In this paper we address the constrained longest common subsequence problem. Given two sequences $X$, $Y$ and a constrained sequence $P$, a sequence $Z$ is a constrained longest common subsequence for $X$ and $Y$ with respect to $P$ if $Z$ is the longest subsequence of $X$ and $Y$ such that $P$ is a subsequence of $Z$. Recently, Tsai \cite{Tsai} proposed an $O(n^2 \cdot m^2 \cdot r)$ time algorithm to solve this problem using dynamic programming technique, where $n$, $m$ and $r$ are the lengths of $X$, $Y$ and $P$, respectively.
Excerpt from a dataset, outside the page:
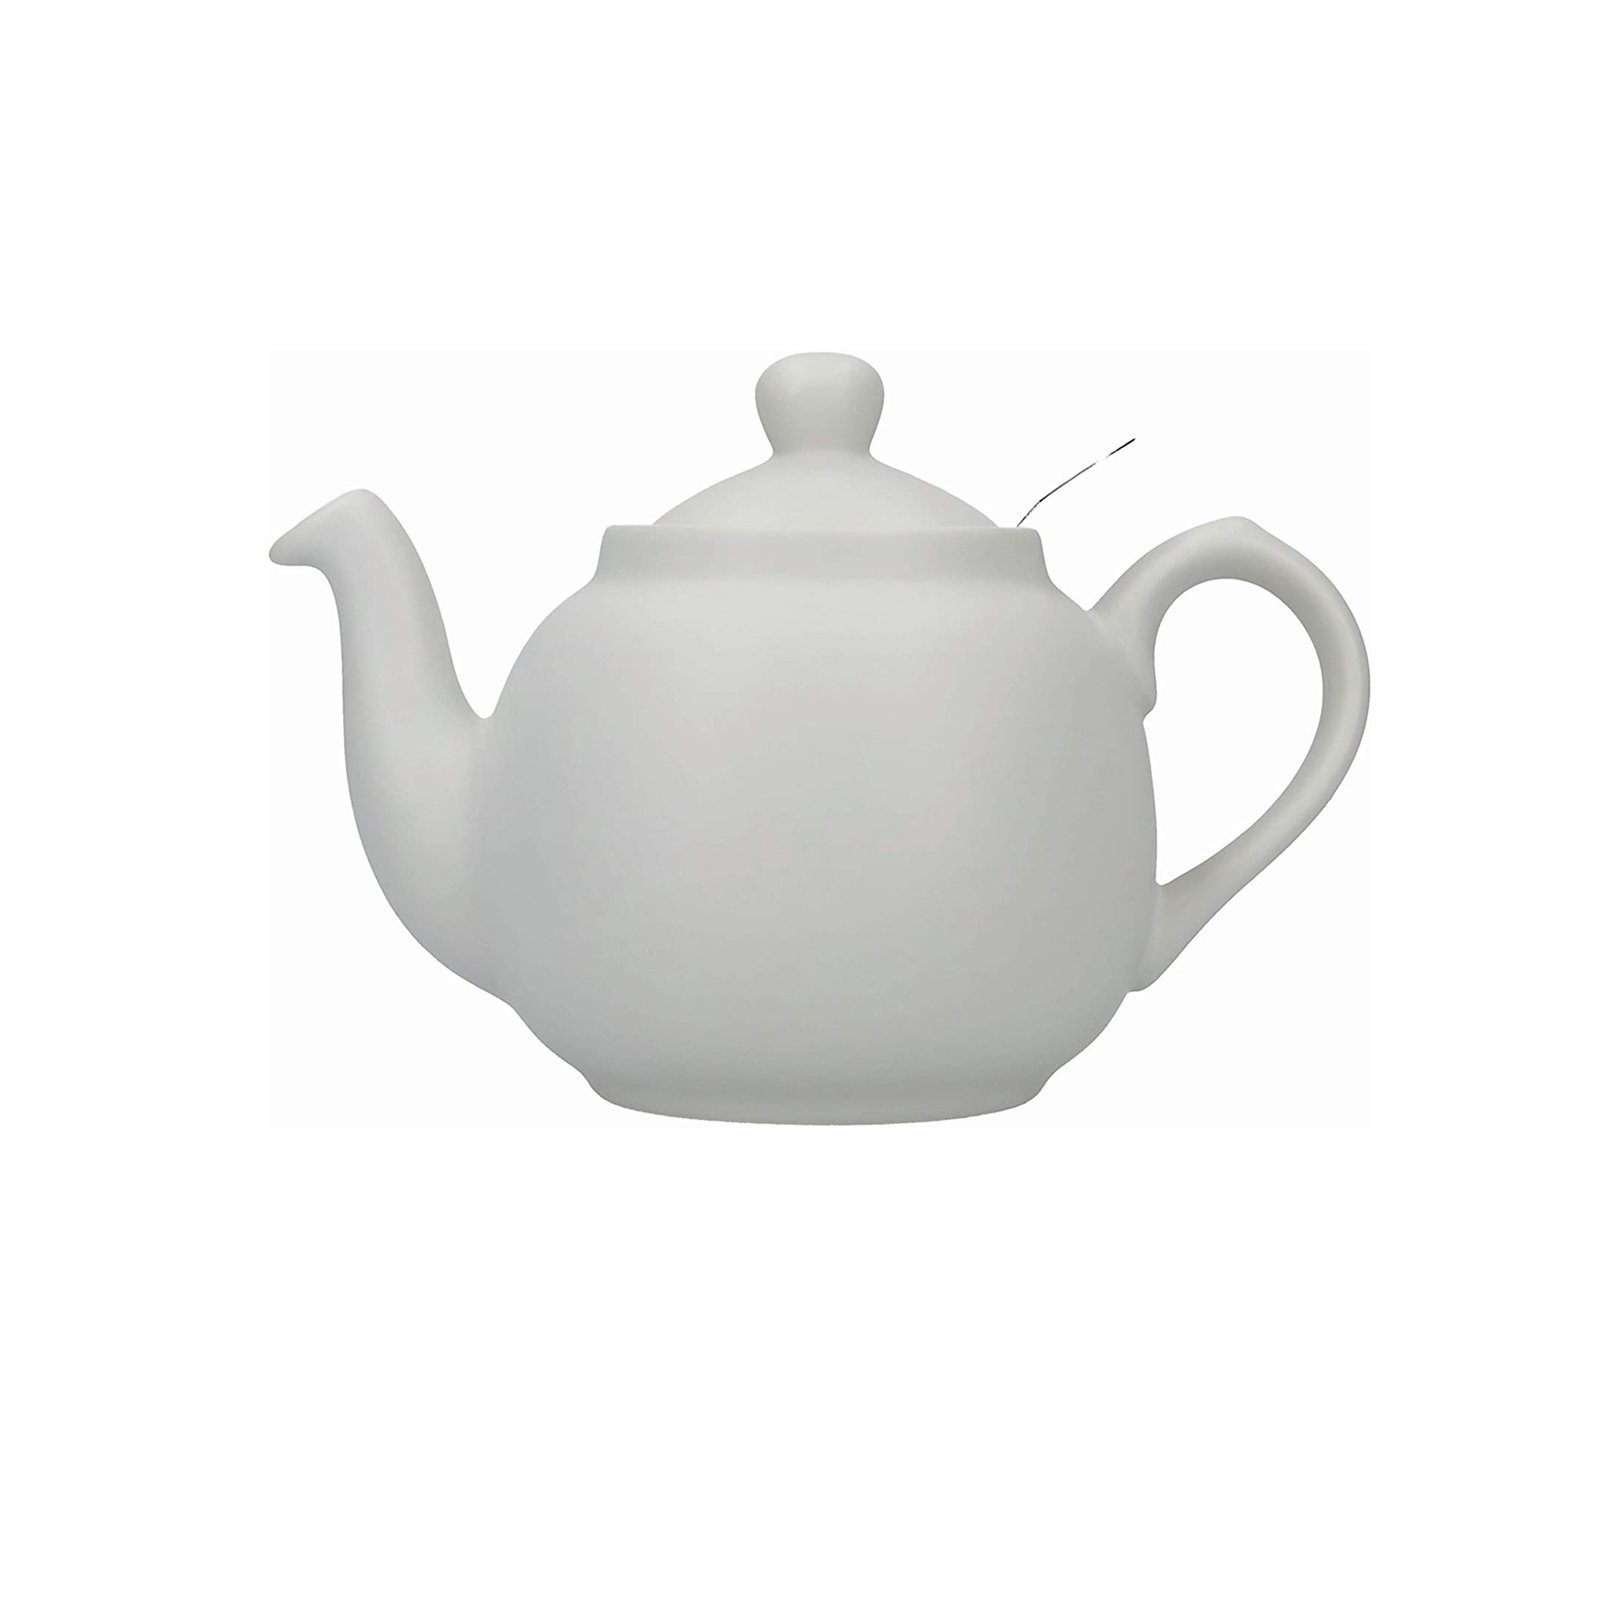 6 Neuetischkultur 1.5 Teekanne, l Tassen, Nordisch Teekanne für Keramik/Edelstahlsieb, Grau

In this paper, we present a simple algorithm to solve the constrained longest common subsequence problem in $O(n \cdot m \cdot r)$ time and show that the constrained longest common subsequence problem is equivalent to a special case of the constrained multiple sequence alignment problem which can also be solved.

中文翻译：

---

约束序列问题的简单算法

在本文中，我们解决了受约束的最长公共子序列问题。给定两个序列$ X $，$ Y $和约束序列$ P $，如果$ Z $最长，则序列$ Z $是$ X $和$ Y $相对于$ P $的约束最长公共子序列$ X $和$ Y $的子序列，使得$ P $是$ Z $的子序列。最近，Tsai \ cite {Tsai}提出了一种$ O（n ^ 2 \ cdot m ^ 2 \ cdot r）$时间算法，使用动态编程技术来解决此问题，其中$ n $，$ m $和$ r $是$ X $，$ Y $和$ P $的长度。在本文中，我们提出了一种简单的算法来求解$ O（n \ cdot m \ cdot r）$时间内的约束最长公共子序列问题，并证明约束最长公共子序列问题等效于约束多重数的特例序列比对问题也可以解决。